14- Getting into deep learning
Being the key developmental element of neural network, deep learning plays a significant role in machine learning. It works as the fundamental block for a diverse range of technologies used in different industries. Neural networks for machine learning can be developed using Python. There’re two deep learning libraries namely Theano and Caffe that come with Python.

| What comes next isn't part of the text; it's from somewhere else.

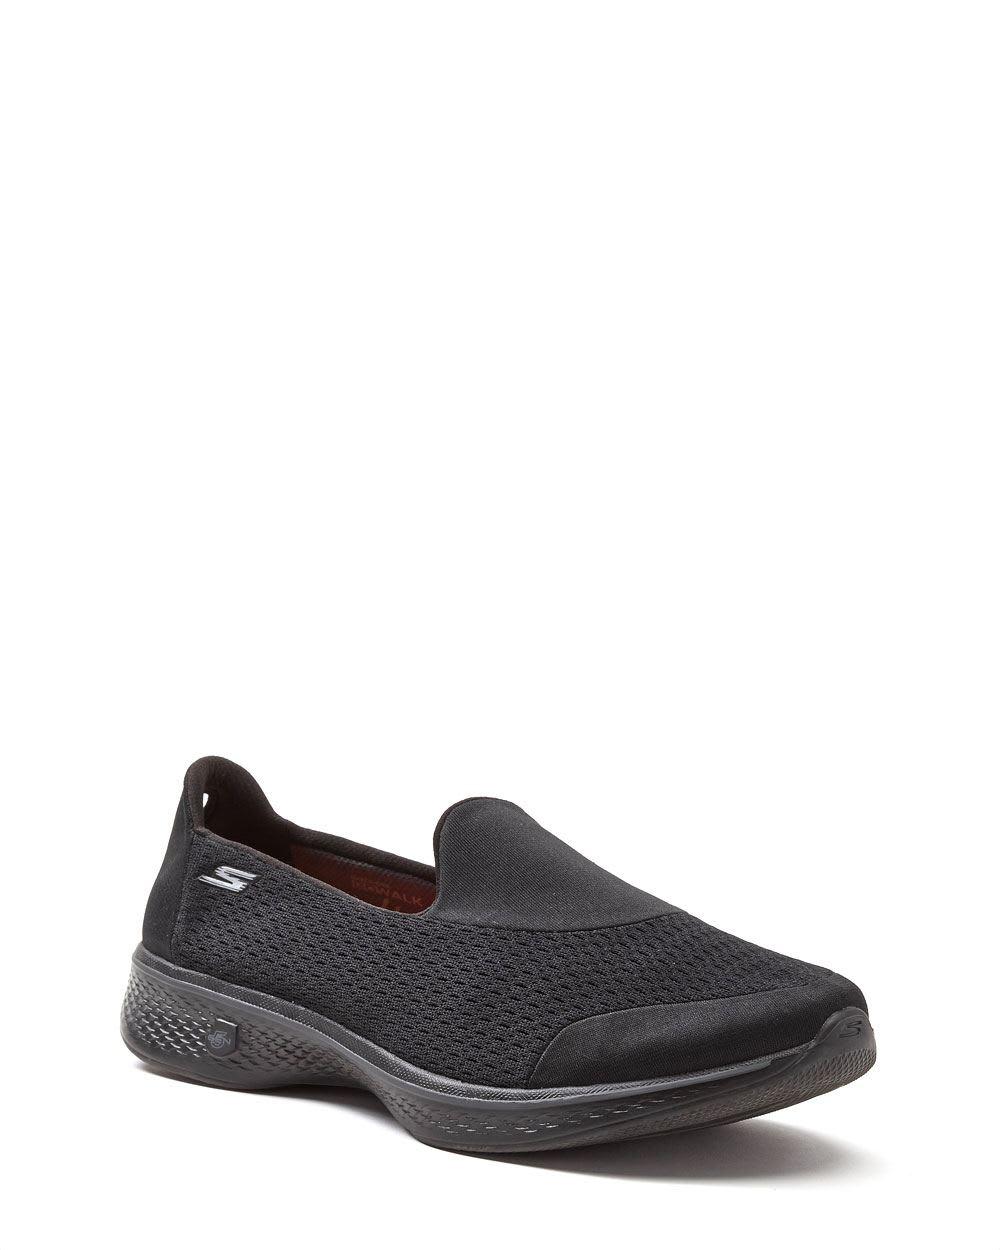 Skechers Wide-Width Slip On Shoes

Despite the apparent maturity and age of machine learning, it’s perhaps the best time to learn it, mainly because of its practical uses. And Python is probably the best programming language that can help you excel in your career in this field. With a robust understanding of fundamental machine learning and Python skills, you should be all set to dive deeper. Just remember the fact that as with learning any skill, the more you work with it, the better you become. So, practice diverse types of algorithms and try to work with different datasets to obtain a solid understanding of machine learning using Python, and to enhance your overall problem-solving skills in event space.
Also remember that there’re lots of advanced nuances and steps that you’ll be encountering as you progress. But this post should serve as a good foundation to make you familiar with the relation between machine learning and Python, and help you think through the key factors that will let you proceed further in the future.
If you’re interested to take it forward, just do an online research and you’ll find several low-cost machine learning training courses using Python available in the market. It’s strongly advisable not to trust blindly any course/certification provider’s word. Instead, you should take a closer look and see whether you actually find it worth investing your effort and time on. People give heed to find the course because every course isn’t Magnimind.